The use of photovoltaic systems has increased in recent years due to their decreasing costs and improved performance. However, these systems can be susceptible to faults that can reduce efficiency and energy yield. To prevent and reduce these problems, preventive or predictive maintenance and effective monitoring are necessary. PV health monitoring systems and automatic fault detection and diagnosis methods are critical for ensuring PV plants’ reliability, high-efficiency operation, and safety. This paper presents a new framework for developing fault detection in photovoltaic (PV) systems.

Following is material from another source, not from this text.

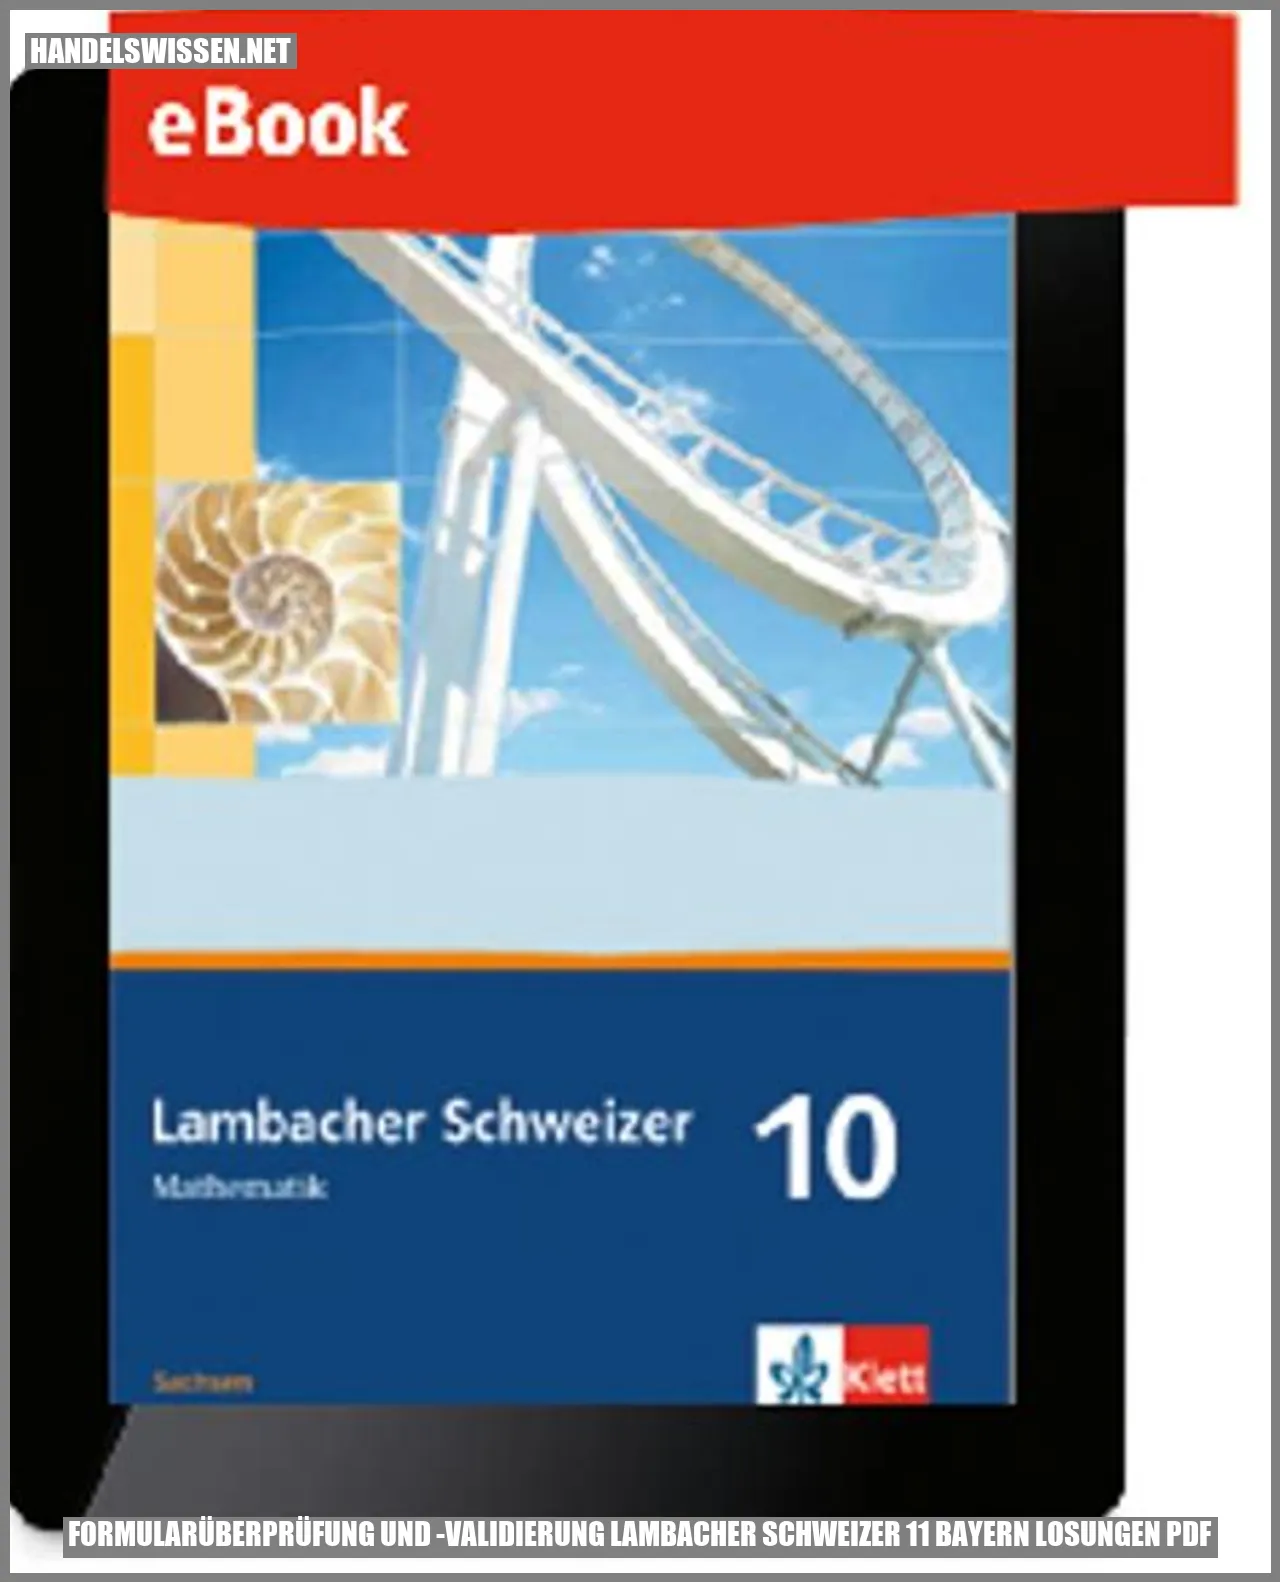 Formularüberprüfung und -validierung lambacher schweizer 11 bayern losungen pdf

The proposed approach uses machine learning algorithms to predict energy power production and detect anomalies in PV plants by comparing the predicted power from a model and the measured power from sensors. The framework utilizes historical data to train the prediction model, and live data is compared with predicted values to analyze residuals and detect abnormal scenarios. The proposed approach has been shown to accurately distinguish anomalies using constructed thresholding, either static or dynamic thresholds. The paper also reports experimental results using the Matthews correlation coefficient, a more reliable statistical rate for an imbalanced dataset. The proposed approach leads to a reasonable anomaly detection rate, with an MCC of 0.736 and a balanced ACC of 0.863.

Suggested Citation

  • Thitiphat Klinsuwan & Wachiraphong Ratiphaphongthon & Rabian Wangkeeree & Rattanaporn Wangkeeree & Chatchai Sirisamphanwong, 2023. "Evaluation of Machine Learning Algorithms for Supervised Anomaly Detection and Comparison between Static and Dynamic Thresholds in Photovoltaic Systems," Energies, MDPI, vol. 16(4), pages 1-22, February.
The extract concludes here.